§ Exercise:
Would you transcribe the listing that follows word for word, skipping pictures?

§ Data shown:
_ _ _
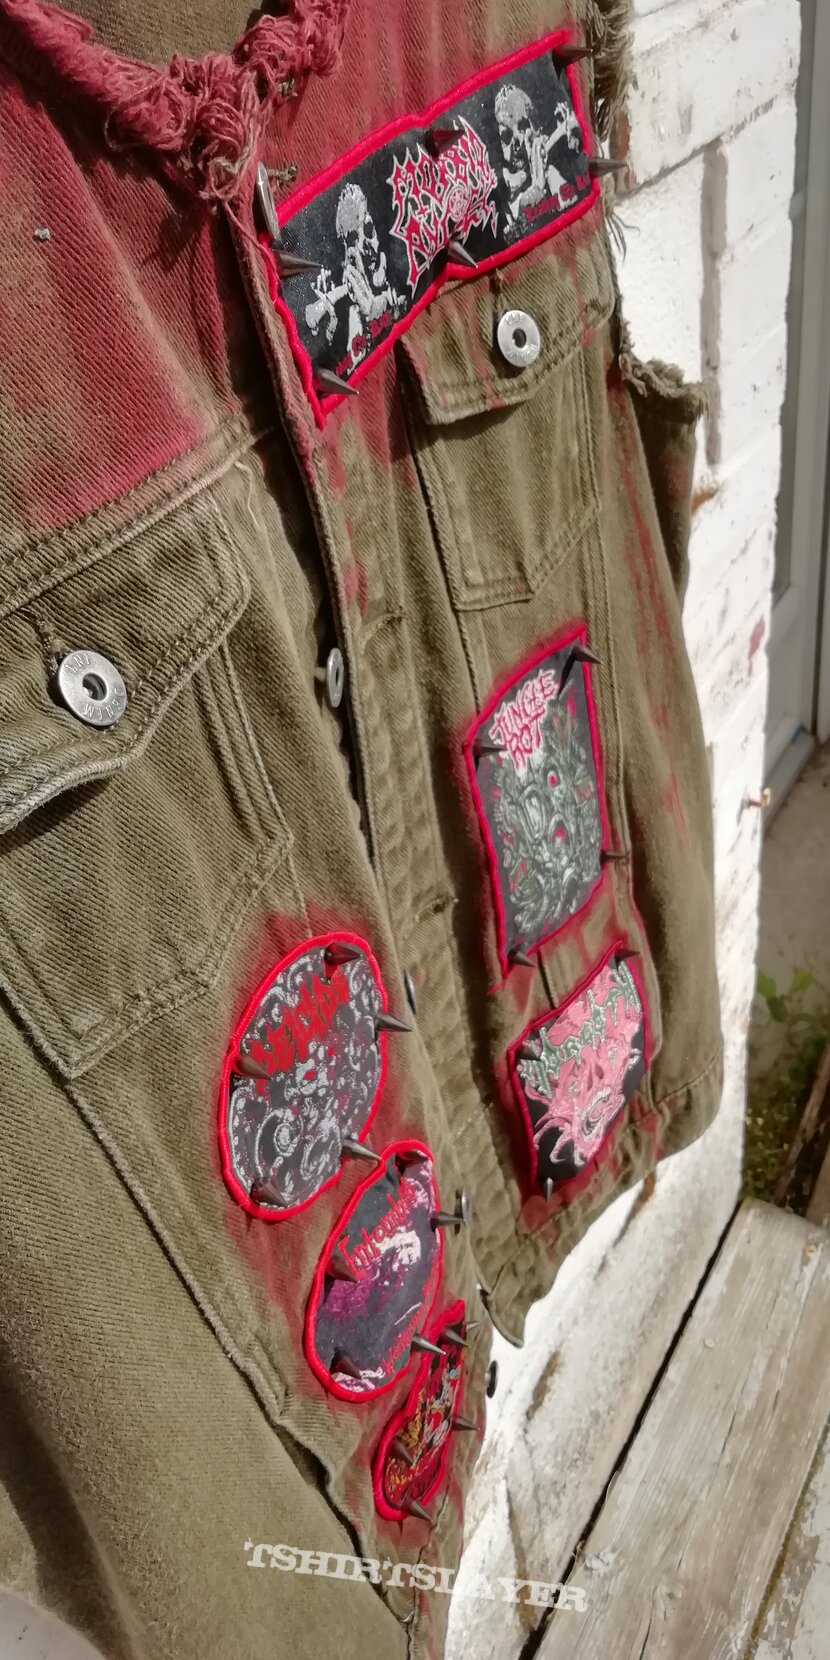 The Bloody Death Battle Jacket
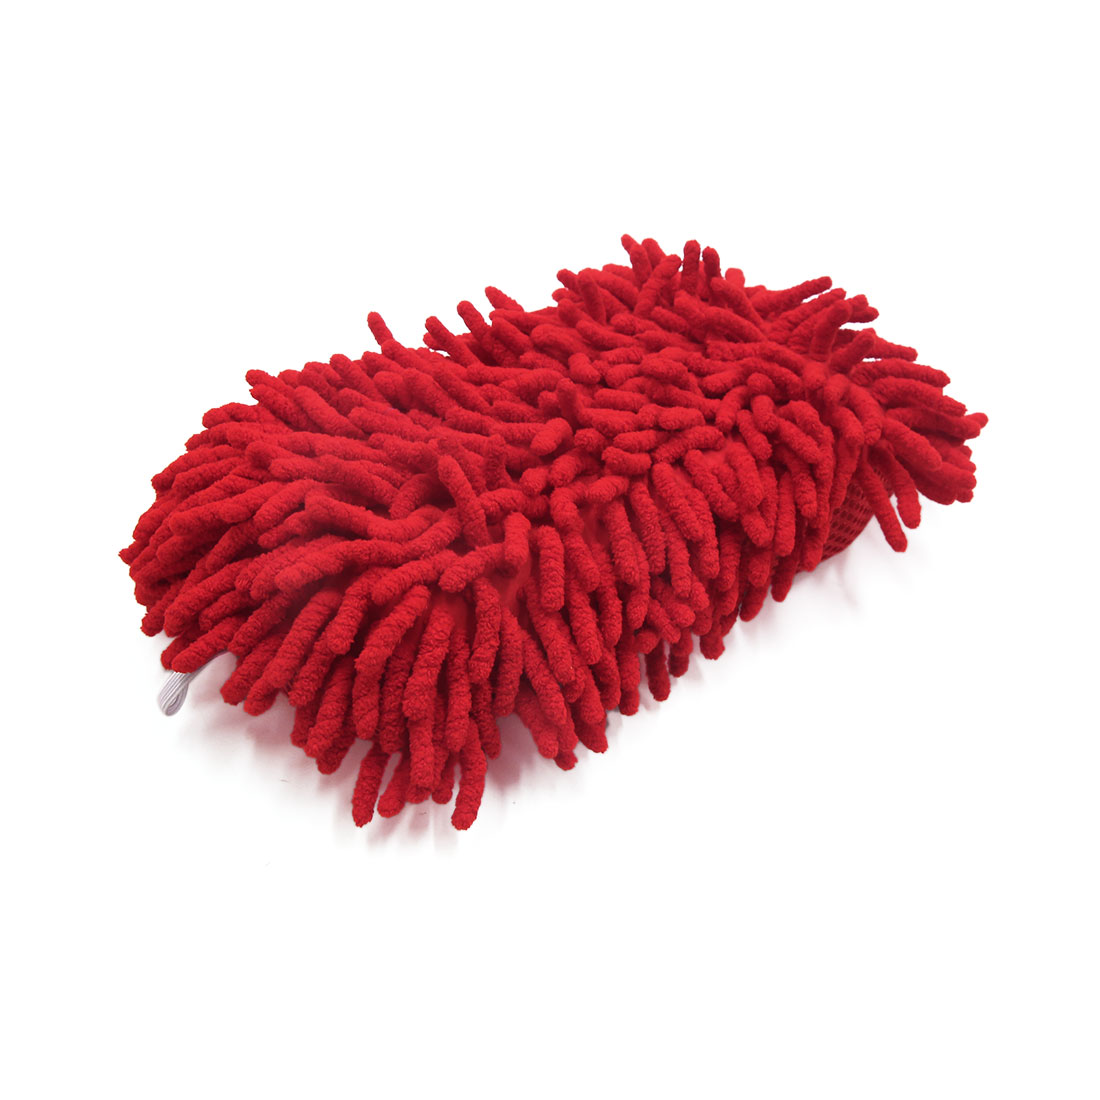 Red Microfiber Chenille 8 Shape Washing Brush Sponge Pad ...
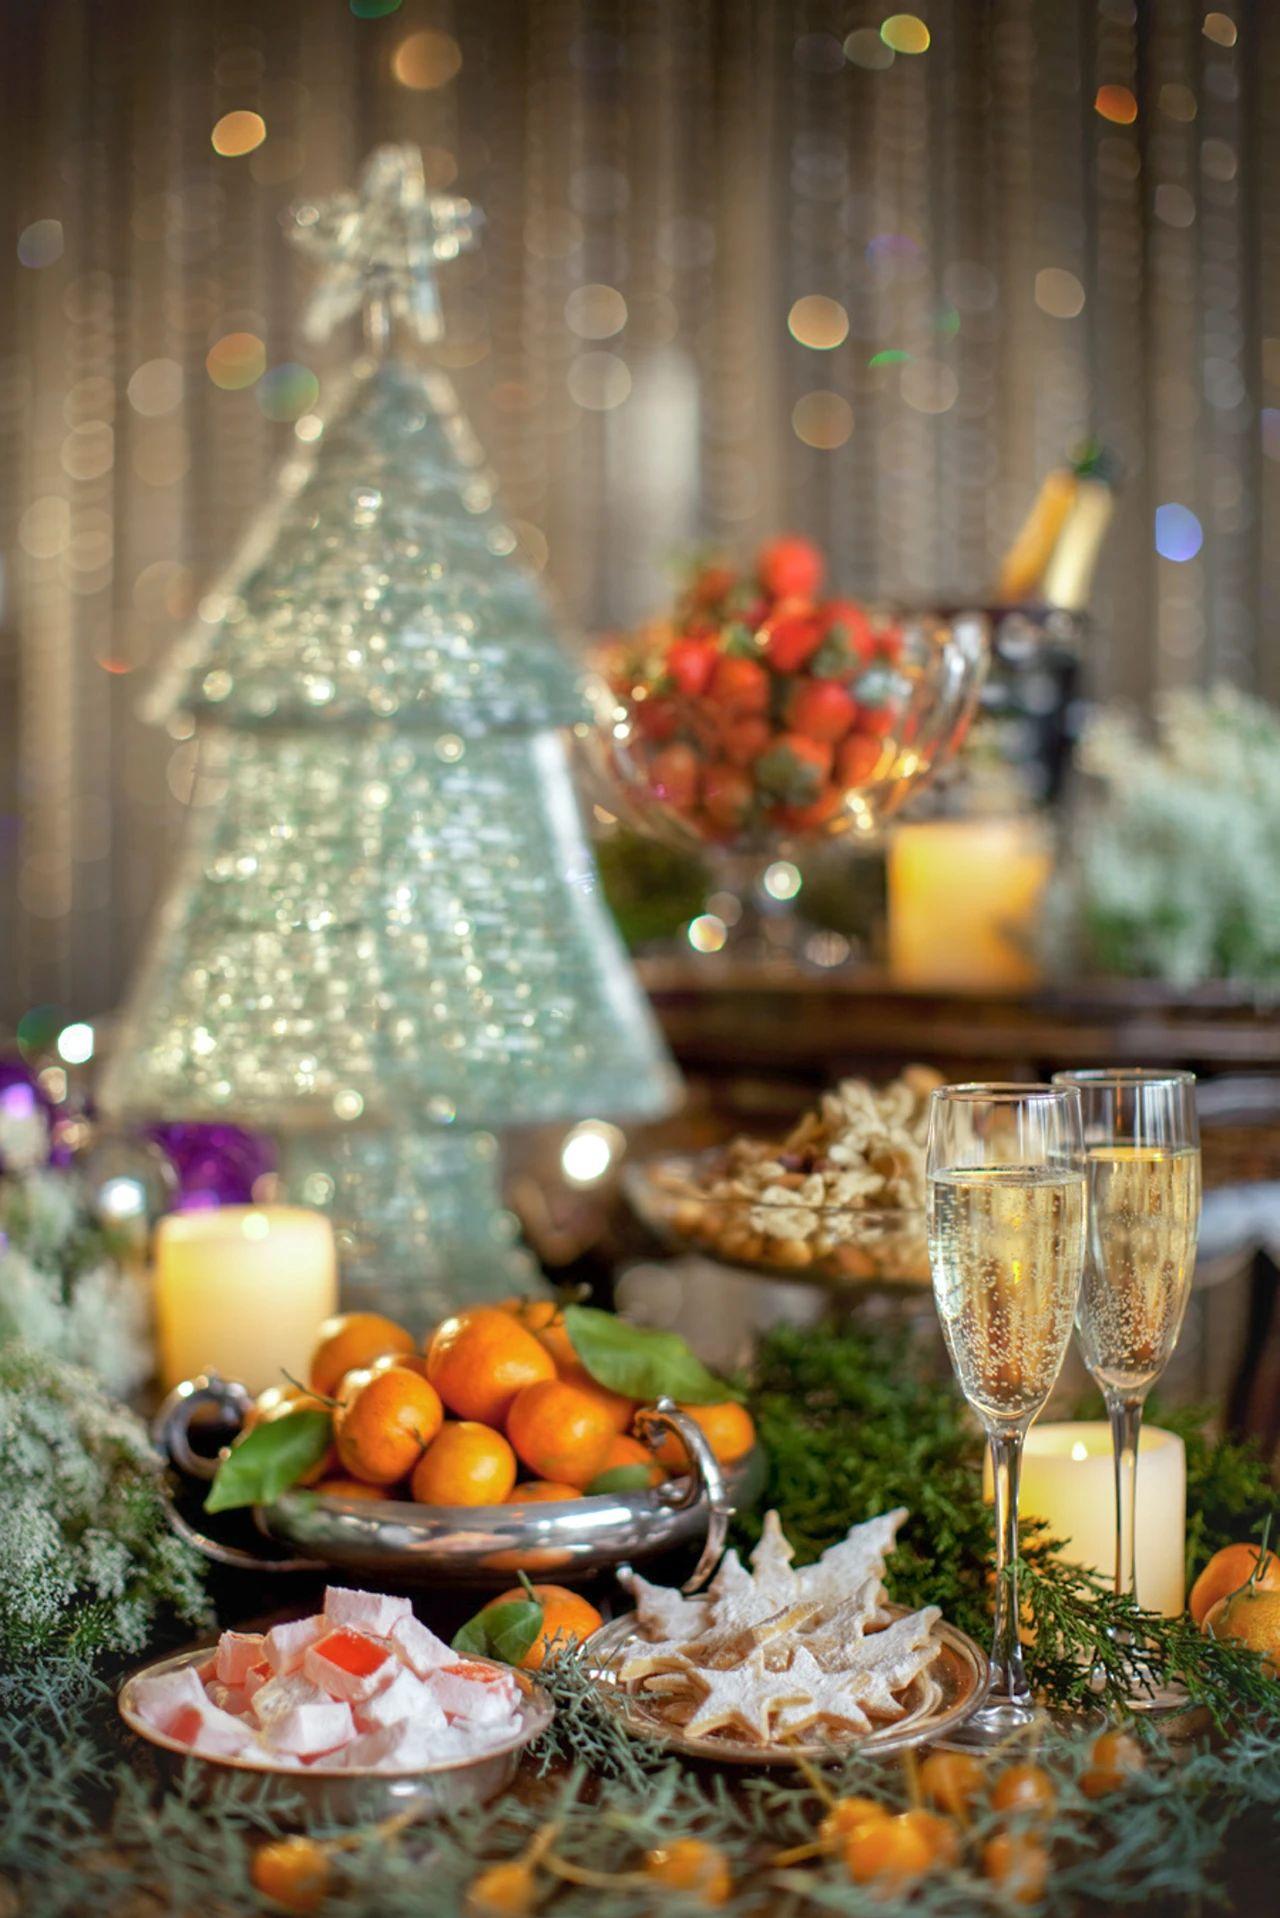 圣诞新年早计划 PLANNING AHEAD
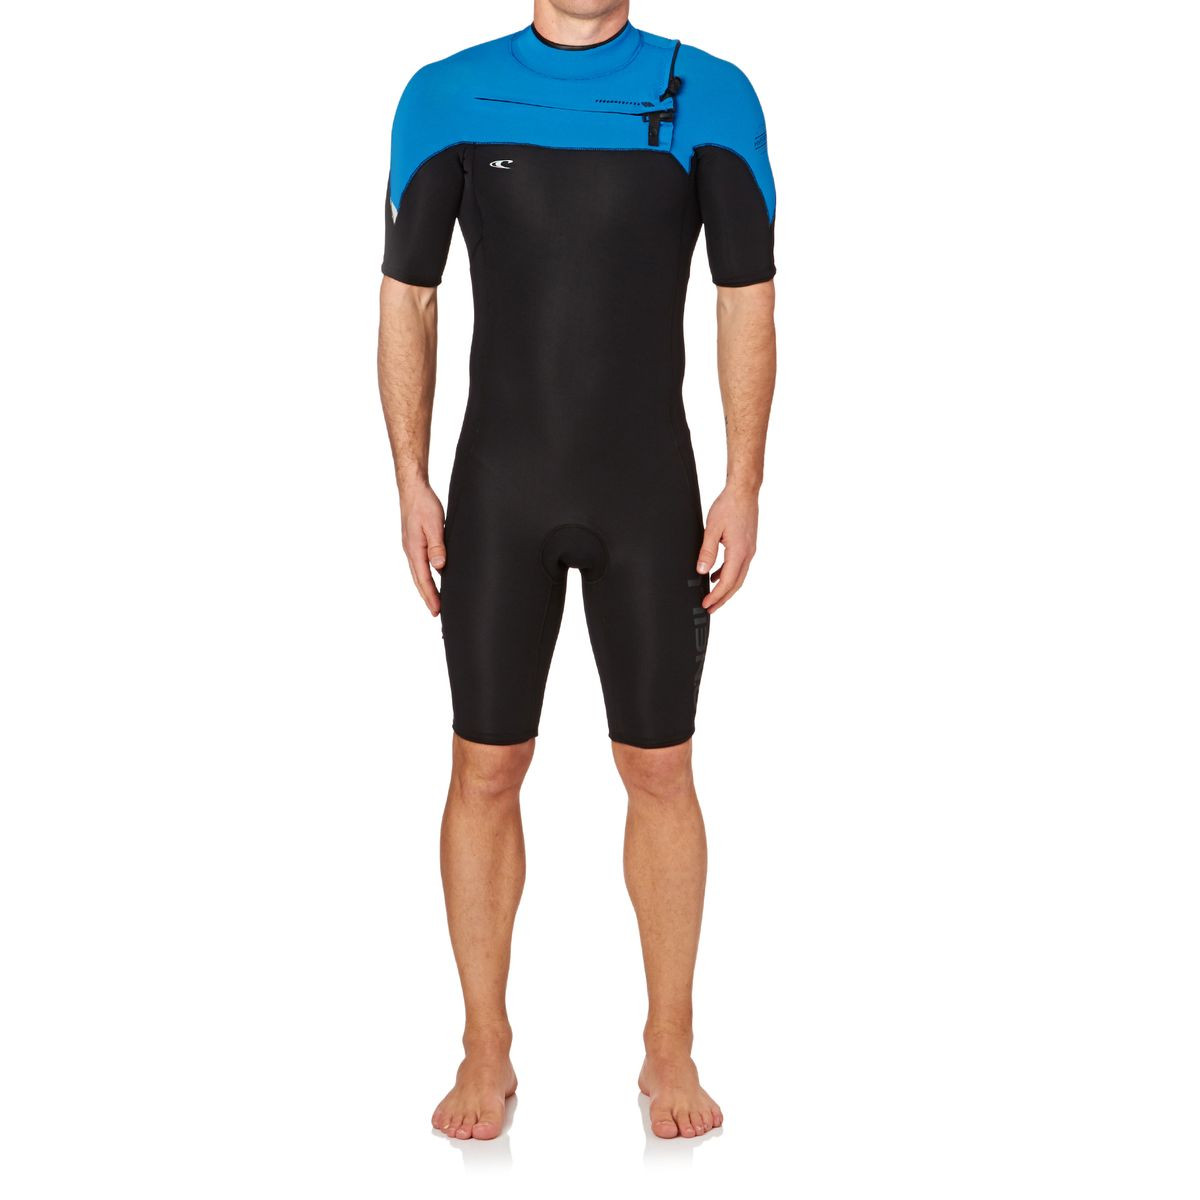 O'Neill Hyperfreak 2mm 2007 Chest Zip Short Sleeve Shorty Wetsuit - Black/ Bright Blue/ Cool Grey
_ _ _
§ Exercise solution:
 The Bloody Death Battle Jacket
 Red Microfiber Chenille 8 Shape Washing Brush Sponge Pad ...
 圣诞新年早计划 PLANNING AHEAD
 O'Neill Hyperfreak 2mm 2007 Chest Zip Short Sleeve Shorty Wetsuit - Black/ Bright Blue/ Cool Grey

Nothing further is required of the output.